Chicago, IL, September 17, 2021 — Sierra Lake Acquisition Corp. (the “Company”), a newly incorporated blank check company, today announced the closing of its initial public offering of 30,000,000 units. The offering was priced at $10.00 per unit, resulting in gross proceeds of $300 million.
The Company’s units commenced trading on the Nasdaq Capital Market (“Nasdaq”) under the ticker symbol “SIERU” on September 15, 2021.
The Company is sponsored by the founders of Sierra Lake Sponsor LLC and is led by its Executive Co-Chairmen and Directors, Richard Burke and Kenneth L. Campbell, and a management team led by CEO Charles Alutto, President Scott Daum, Chief Financial Officer and Secretary Robert Ryder, Chief Operating Officer Ross Berner, and board members Brenda Frank, Alex Zoghlin and Ivan Brockman.
The Company was formed for the purpose of effecting a merger, capital stock exchange, asset acquisition, stock purchase, reorganization or similar business combination with one or more businesses. The Company has not selected any specific business combination target.
Each unit sold in the offering consists of one share of the Company’s Class A common stock and one-half of one warrant, each whole warrant entitling the holder thereof to purchase one share of Class A common stock at a price of $11.50 per share. Only whole warrants are exercisable and will trade. Once the securities comprising the units begin separate trading, the shares of Class A common stock and warrants are expected to be listed on the Nasdaq under the symbols “SIER” and “SIERW,” respectively.
Cantor Fitzgerald & Co. served as sole book-running manager of the offering. The Company has granted the underwriters a 45-day option to purchase up to an additional 4,500,000 units at the initial public offering price to cover over-allotments, if any.
Of the proceeds received from the consummation of the offering and a simultaneous private placement of warrants, $301,500,000 was placed in the Company’s trust account. An audited balance sheet of the Company as of September 17, 2021 reflecting receipt of the proceeds upon consummation of the offering and the private placement will be included as an exhibit to a Current Report on Form 8-K to be filed by the Company with the Securities and Exchange Commission (the “SEC”).
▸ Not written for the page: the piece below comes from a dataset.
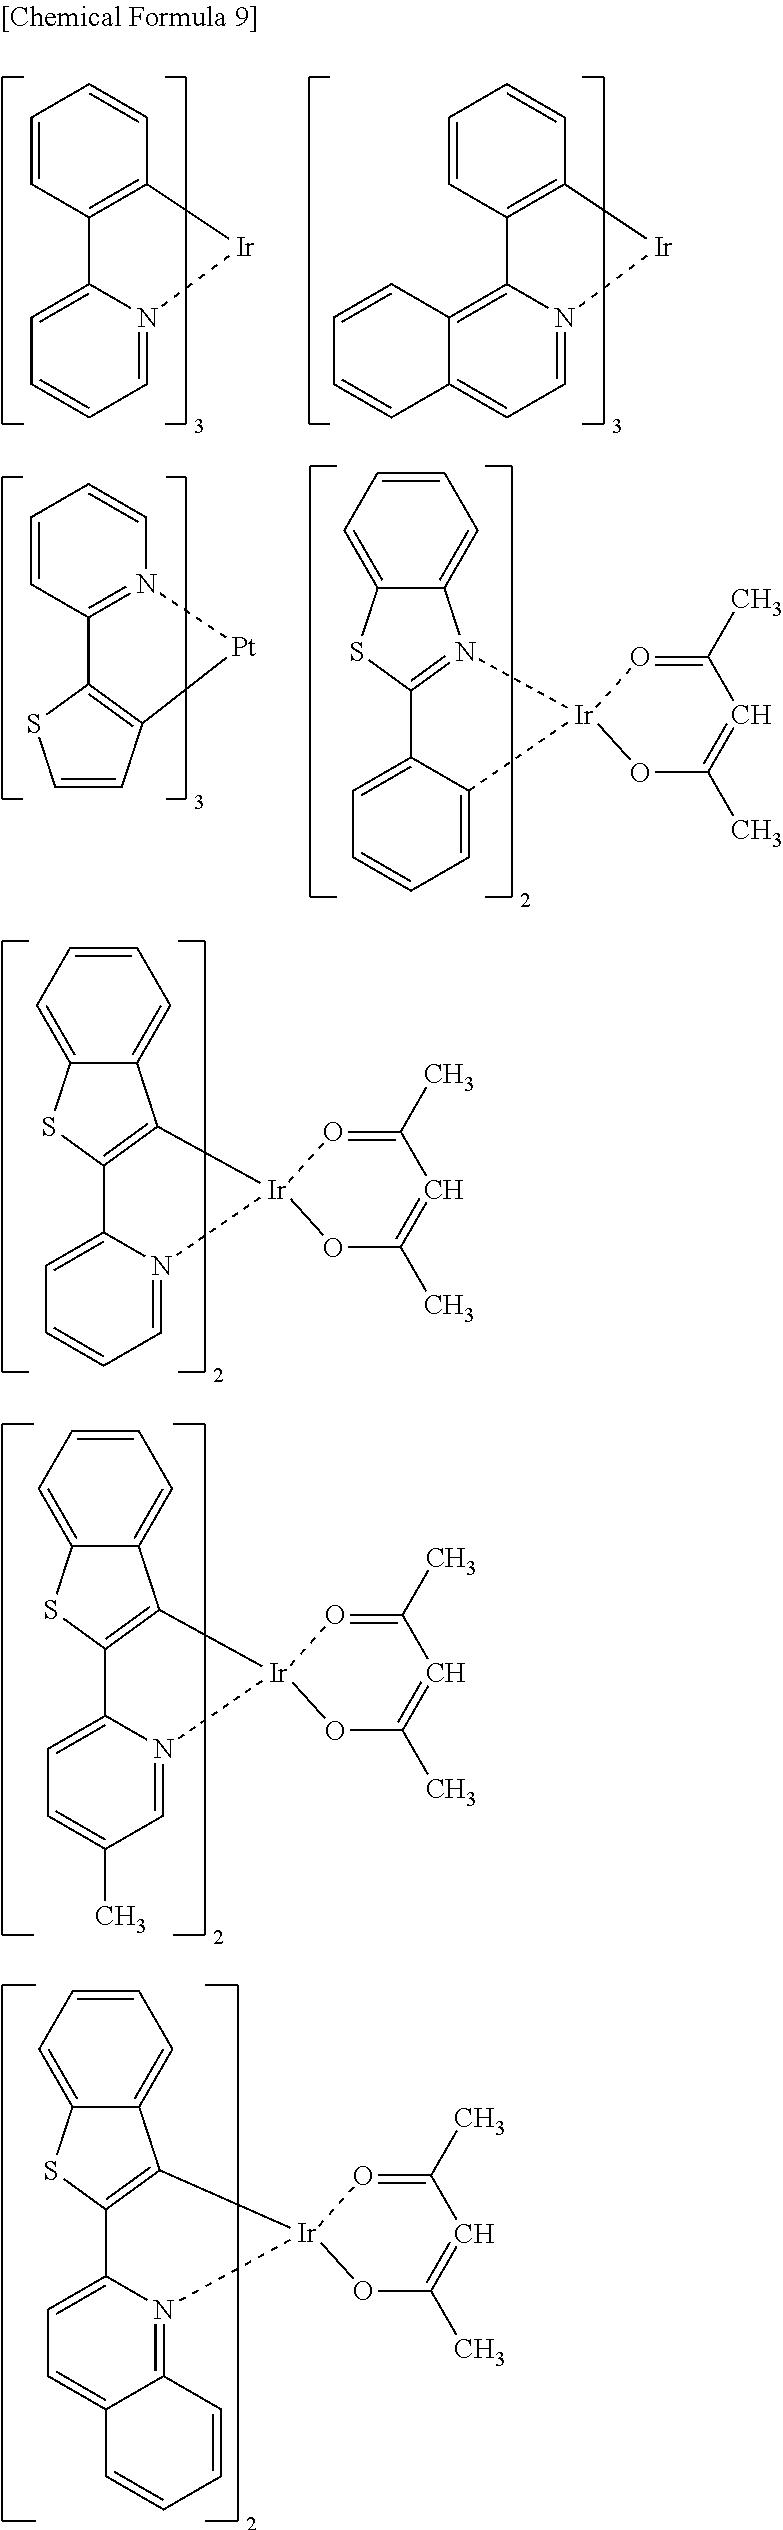 Figure US20110215312A1-20110908-C00009
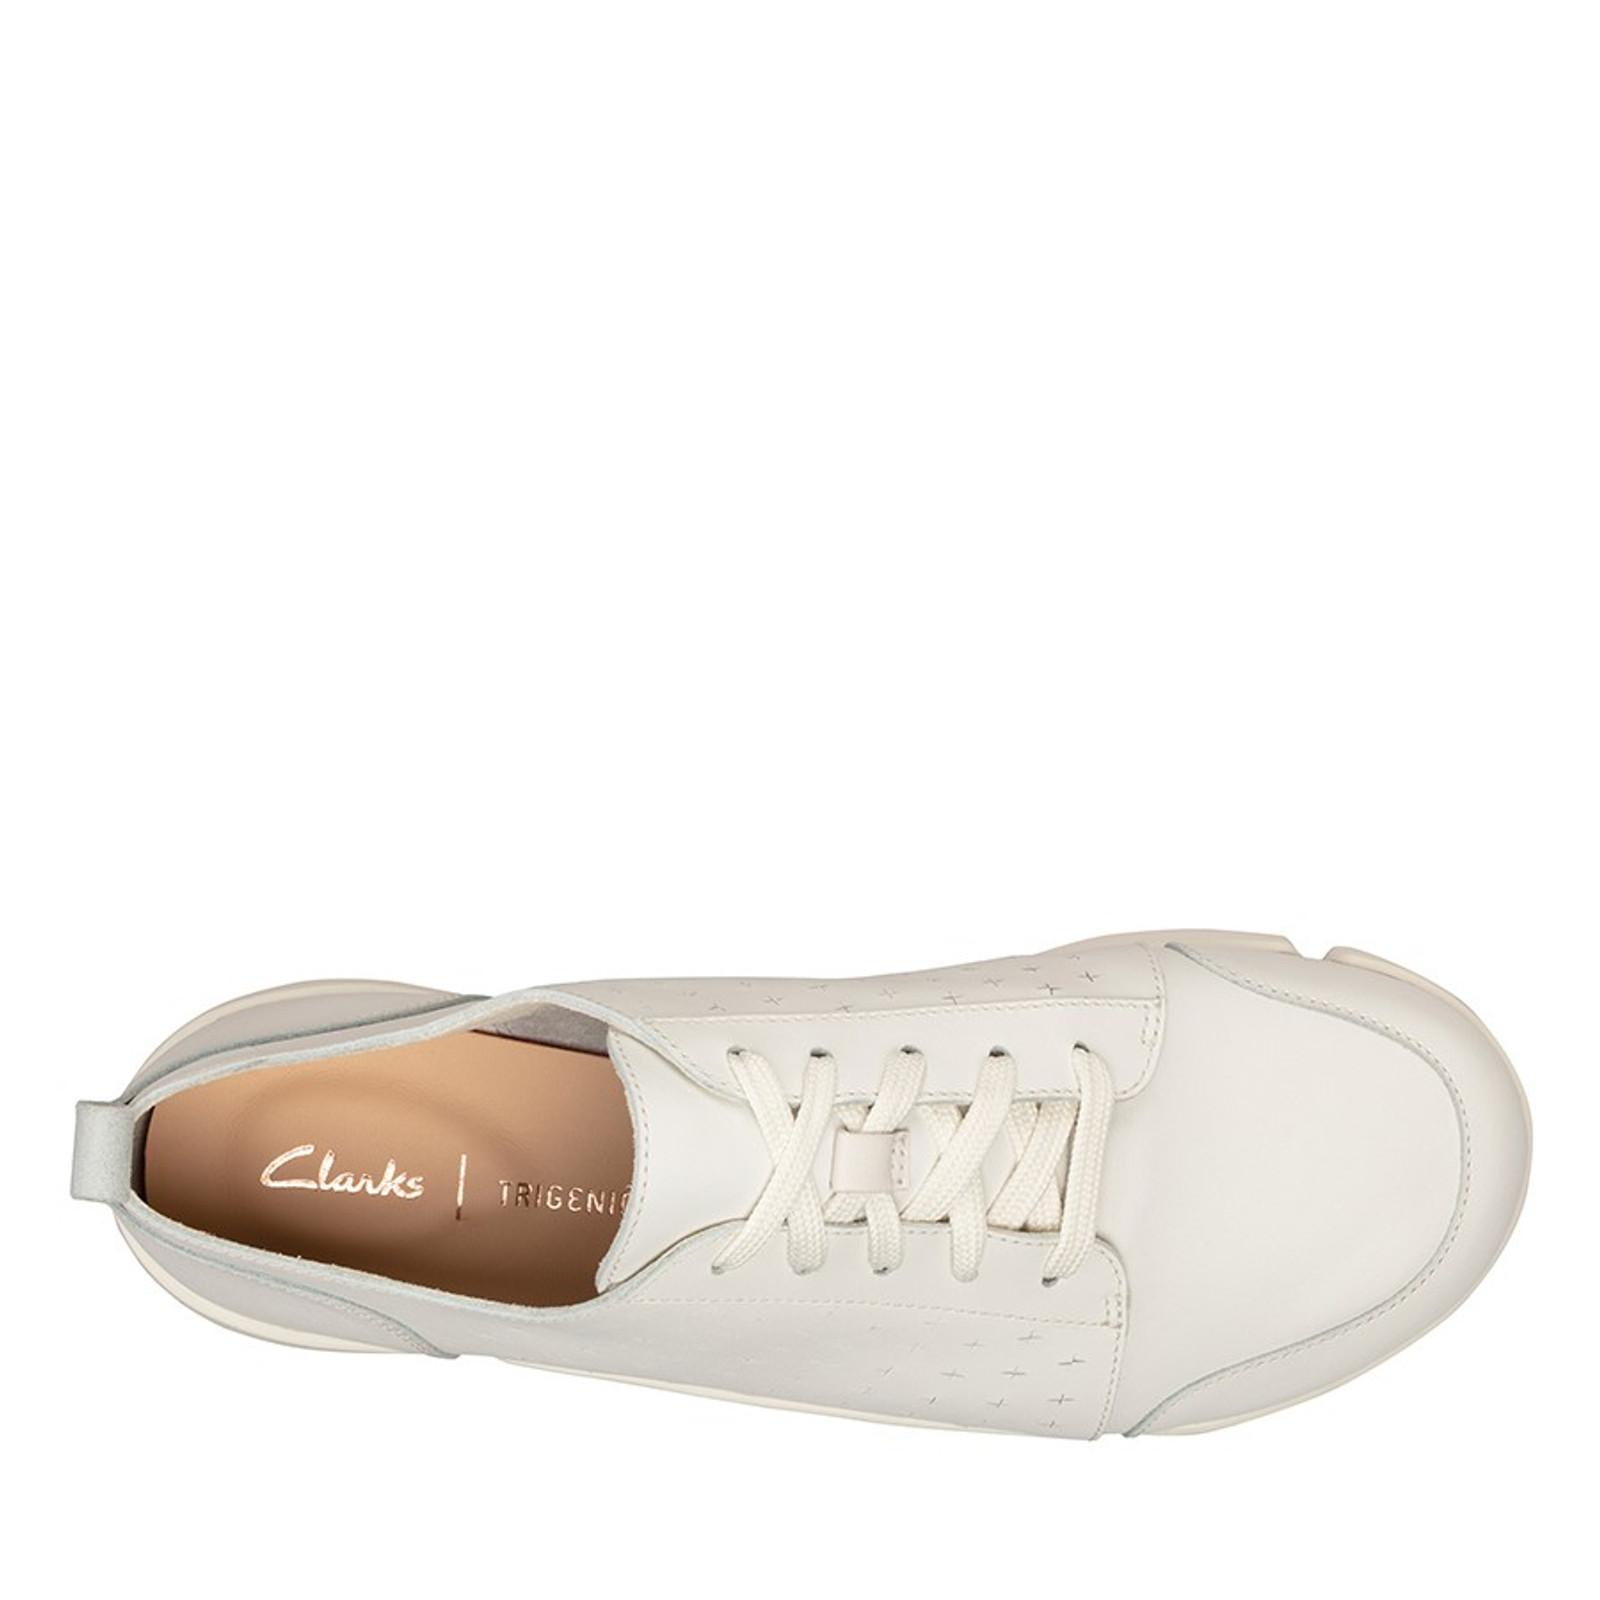 Clarks Womens TRIAMELIA EDGE White Leather

The offering was made only by means of a prospectus, copies of which may be obtained by contacting Cantor Fitzgerald & Co., Attention Capital Markets, 499 Park Avenue, New York, NY 10022, or by e-mail at email@example.com.
A registration statement relating to these securities was filed with, and declared effective by, the Securities and Exchange Commission (the “SEC”) on September 14, 2021. This press release shall not constitute an offer to sell or a solicitation of an offer to buy, nor shall there be any sale of these securities in any state or jurisdiction in which such an offer, solicitation or sale would be unlawful prior to registration or qualification under the securities laws of any such state or jurisdiction.
ABOUT SIERRA LAKE ACQUISITION CORP.
The Company is a blank check company formed for the purpose of effecting a merger, capital stock exchange, asset acquisition, stock purchase, reorganization or similar business combination with one or more businesses. The Company has not selected any specific business combination target.
This press release contains statements that constitute “forward-looking statements,” including with respect to the anticipated use of the net proceeds. Forward-looking statements are subject to numerous conditions, many of which are beyond the control of the Company, including those set forth in the Risk Factors section of the Company’s registration statement and preliminary prospectus for the Company’s offering filed with the SEC. Copies of these documents are available on the SEC’s website, www.sec.gov. The Company undertakes no obligation to update these statements for revisions or changes after the date of this release, except as required by law.